Сейчас мы туда придем. Если святой отец ему не поможет, то хотя бы причастит.
Пока Эленуте бегала в батрацкую, Пране собрала ксендзу-настоятелю гостинцы – положила в новую плетеную корзину большую банку липового меда, сыр с тмином, большой розовый кирпич окорока, два десятка яиц, банку маринованных грибов.
– Кушайте, святой отец, на здоровье. И приезжайте к нам на яблоки, на малину…
Но тут вся в слезах в избу ворвалась Эленуте.
– Можете никуда не ходить! Ему уже ничего-ничего не надо! – закричала она. – Он уже отмучился. Повесился на крюке… Господи, господи, зачем я не убрала из батрацкой старую упряжь, хомуты и эти проклятые вожжи? Зачем?
В тот же день бессловесного висельника Вахтанга Чхеидзе, которому милосердная Пране чистой колодезной водой умыла измученное лицо и грубой холстиной накрыла худые ноги, похоронили на опушке Черной пущи…
Ломсаргис и новообращенная Эленуте Рамашаускайте вместе вырыли в суглинке могилу, куда и опустили Вахтанга Чхеидзе в одном из двух гробов, которые впрок припасли для себя Чеславас и Пране и которые в ожидании своего смертного часа они бережно хранили на чердаке, время от времени аккуратно вытирая мокрой тряпицей оседающую на них густую дворовую пыль и раз в месяц исправно опрыскивая какой-то жидкостью, убивающей наповал коварных жучков-древоточцев.

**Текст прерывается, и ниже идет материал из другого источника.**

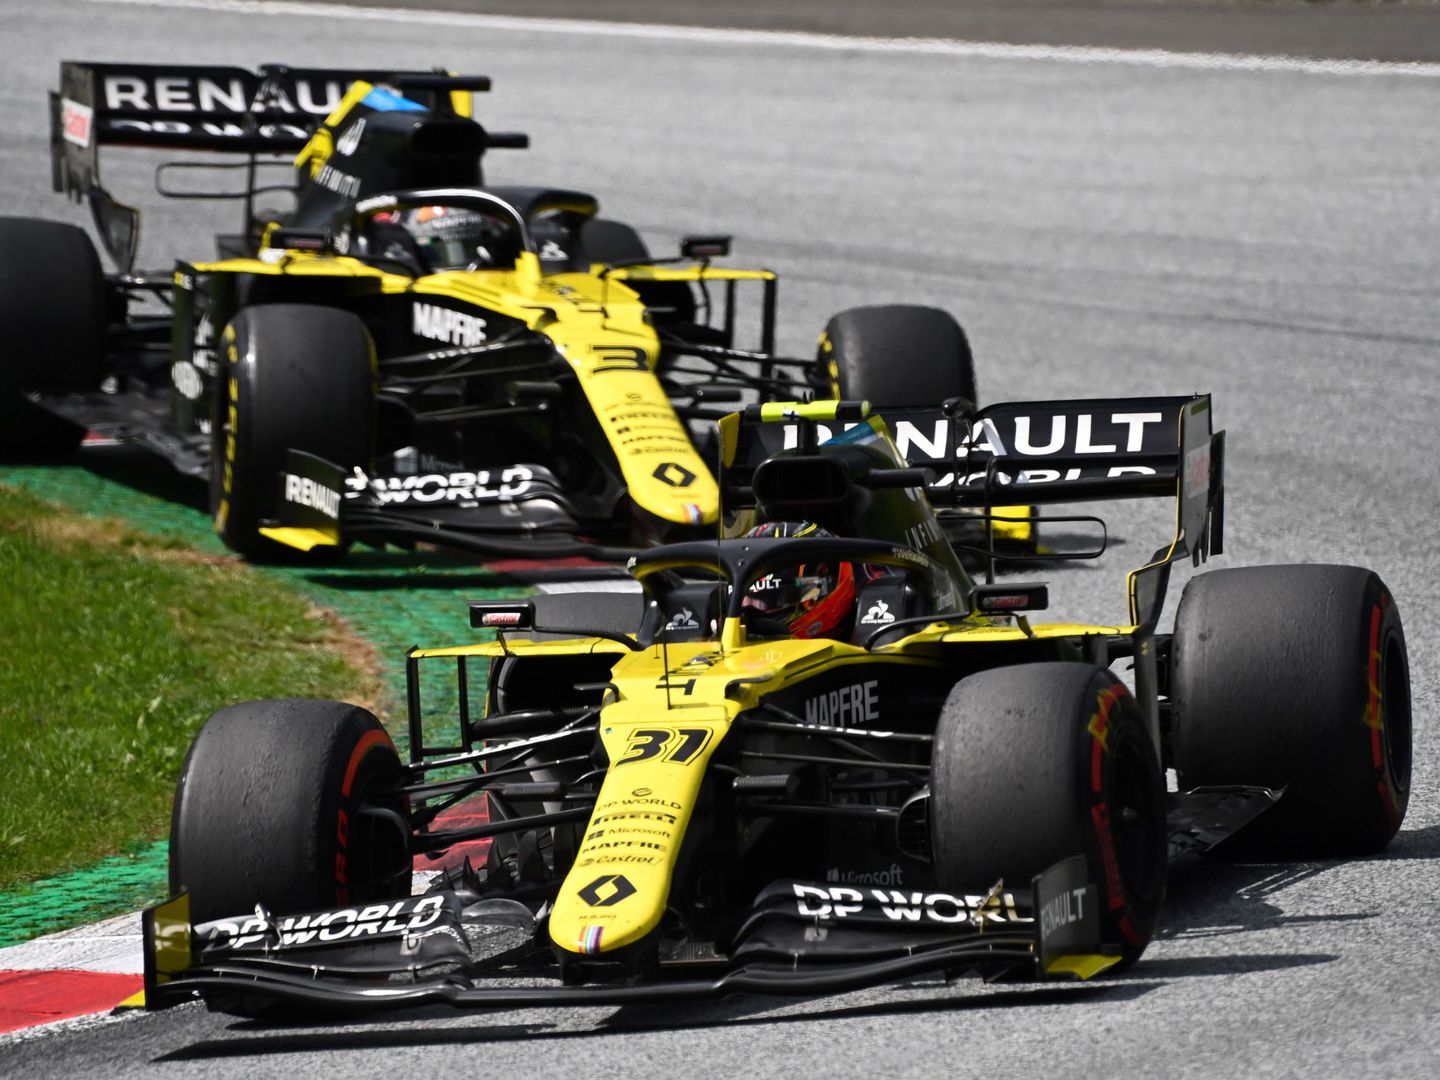 Los monoplazas de Renault también fueron reclamados por Racing Point tras el GP de Japón de 2019 (GETTY IMAGES)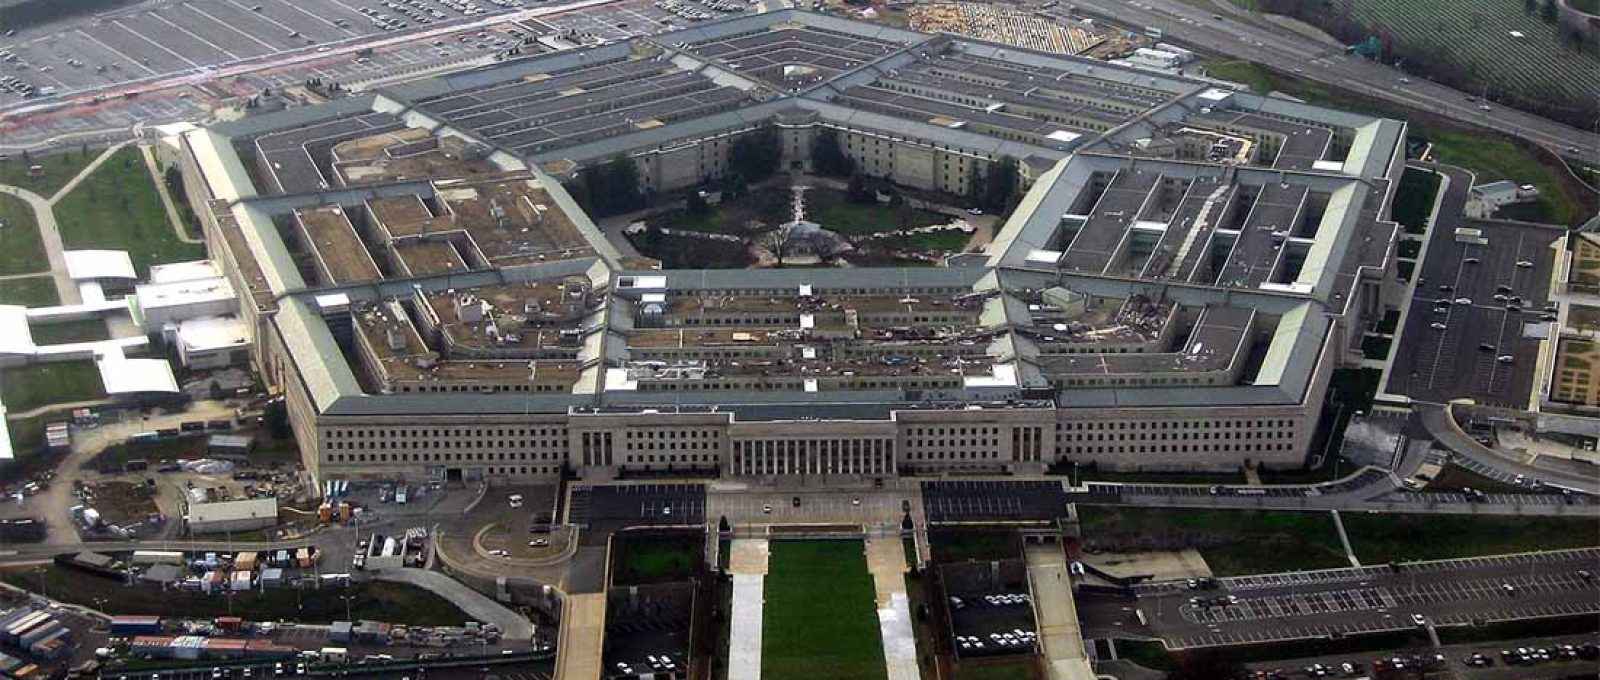 O Pentágono, sede do Departamento de Defesa dos EUA, em foto aérea de janeiro de 2008 (David B. Gleason/Wikimedia Commons/ CC BY-SA 2.0).

Две небольшие тенистые елочки с тонкой, как у Вахтанга Чхеидзе, талией и старый, в запотевших роговых очках ксендз-настоятель, который не ради мертвых, а ради живых везде и всюду, на похоронах и поминках, на свадьбах и крестинах, пытался примирить и сдружить богов, творили над чужаком общую заупокойную молитву.
ИАКОВ
– За тобой уже один раз приходили, – кутаясь в ячеистую, как рыболовецкая сеть, шерстяную шаль, сказала Данута-Гадасса. – Что будет, Иаков, если за тобой не сегодня-завтра еще раз придут?
Они сидели друг против друга, прислушиваясь к тоскливому завыванию ветра, озоровавшего в кронах старых кладбищенских сосен и по-воровски шнырявшего по вороньим гнездам, и вели за грубо сколоченным столом тихий и неспешный разговор. Тускло светила старая керосиновая лампа, купленная еще до первой русской революции дедом
Иакова, каменотесом Эфраимом, любившим при ее желтушном, призрачном свете читать перед сном в Пятикнижии про славную победу царя Давида над Голиафом и украдкой уподобляться несгибаемому пророку Иову, которому Господь Бог, как и ему, Эфраиму, ниспослал тяжелые и незаслуженные испытания.
– А я им так просто не дамся, – ответил Иаков.
– А я им так просто тебя не отдам! – грозила его преследователям, как бы притаившимся в зыбком, бархатном сумраке избы,
Данута-Гадасса. – Когда меня разозлят, я и придушить могу. Уж не помню, в каком городе, кажется, в Гомеле, кто-то науськал на меня свирепую овчарку, которая выскочила из подворотни, прыгнула ко мне на грудь и стала рвать ситцевую блузку. Вокруг толпа зевак, что-то кричат, науськивают пса: “Так ее, воровку! Так!” – но я не растерялась – вцепилась в нее, что есть мочи сжала на собачьей шее руки и разняла их только тогда, когда услышала хруст позвонков.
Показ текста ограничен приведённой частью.